Pelaez and her mother haven’t seen each other face-to-face in more than a decade, but Pelaez is working to secure a temporary visa that would allow her mom to attend Dartmouth’s graduation. She expects it to be a tearful reunion.

“It’s going to be a very emotional time,” Pelaez said. “This diploma isn’t just for me, it’s for family too.”

Carvalho plans to be there along with Pelaez’s family, cheering her on. As a former undocumented resident, he understands both the immigrant experience and the potential sway of people in positions of influence. He has been the superintendent of the 350,000-student Miami-Dade school system since 2008.

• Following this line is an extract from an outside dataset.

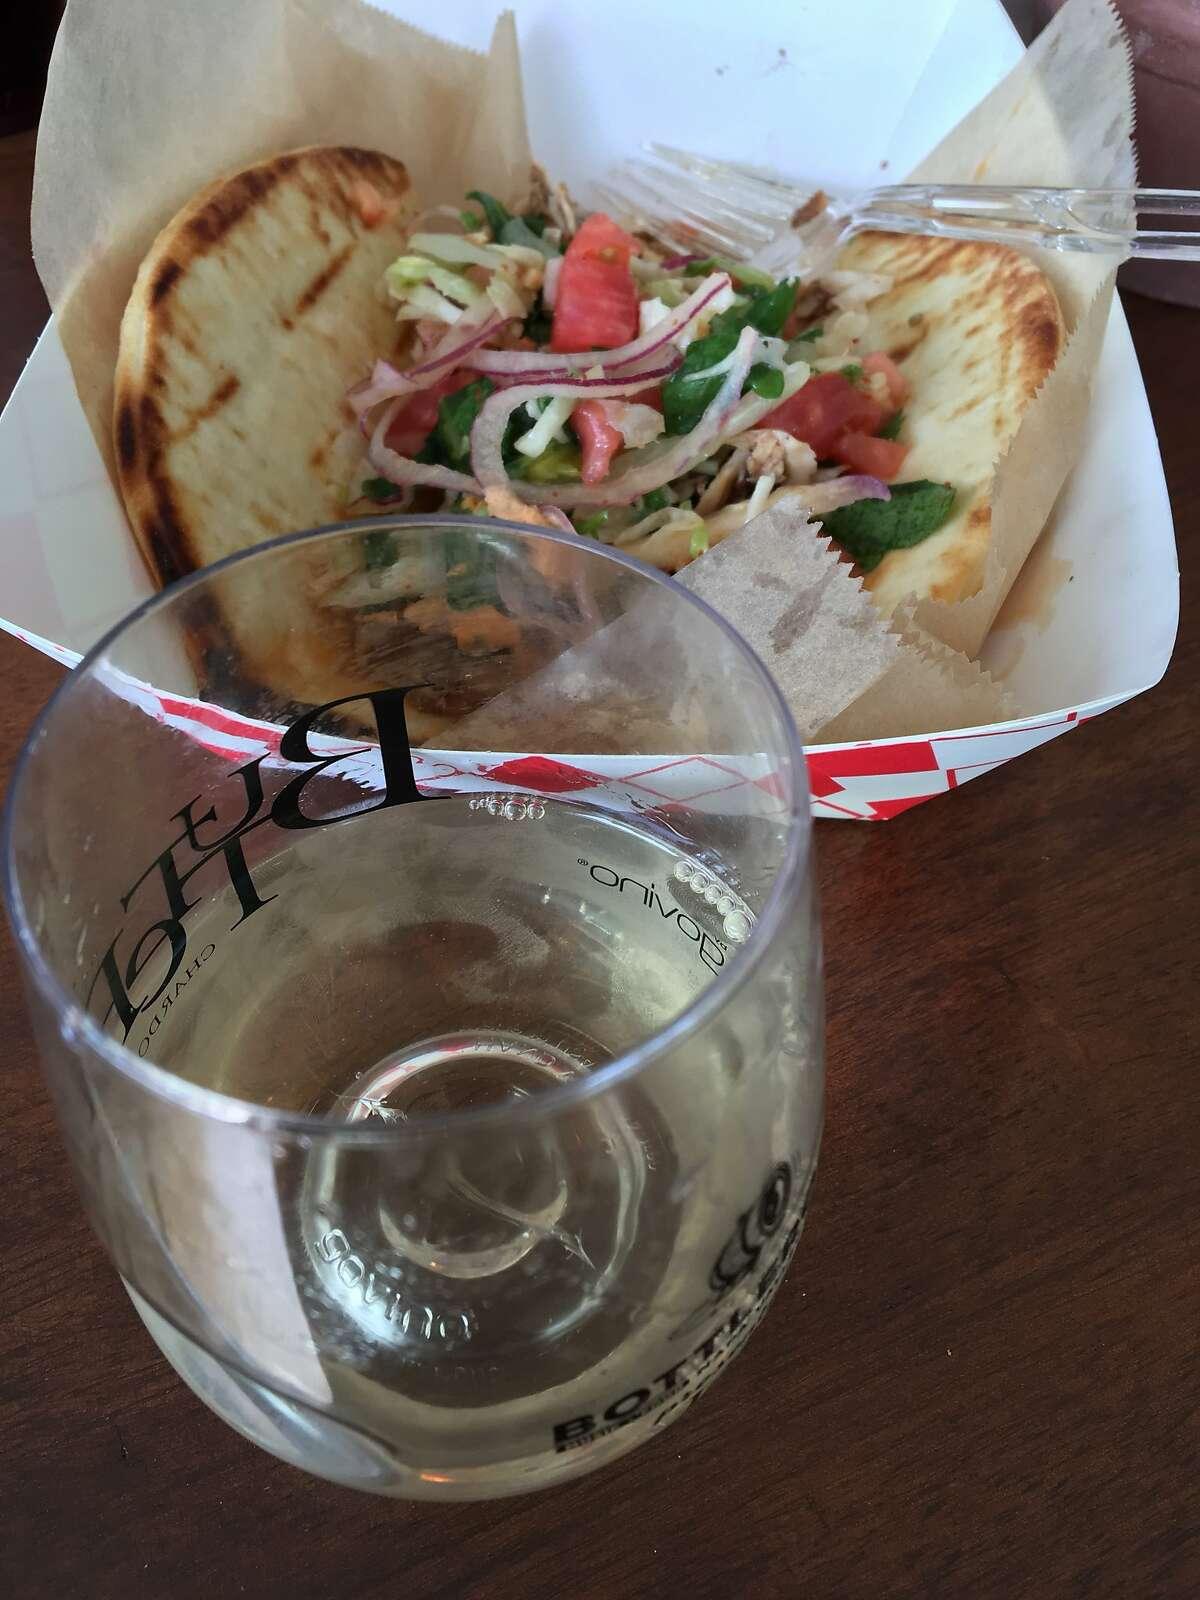 Tarla chicken kebab and Twomey Sauvignon Blanc.

Carvalho said the late U.S. Rep. E. Clay Shaw Jr., a Florida Republican who served more than a quarter century in Congress, helped him secure his first student visa and work permit.

“I was able to go to college. I was able to continue my studies,” said Carvalho, a former national superintendent of the year, who is now a U.S. citizen. His district is among a growing number nationwide that have publicly designated schools as safe zones in the face of ramped-up deportation raids and other immigration enforcement actions.

“I do see myself through the trials and tribulations of Daniela Pelaez and many others,” Carvalho said.

“I remember the harshness of ... becoming undocumented, overstaying your visa, and opportunities closing [up] around you, I would be a hypocrite if I did not look at them and [see a] rearview image of me.”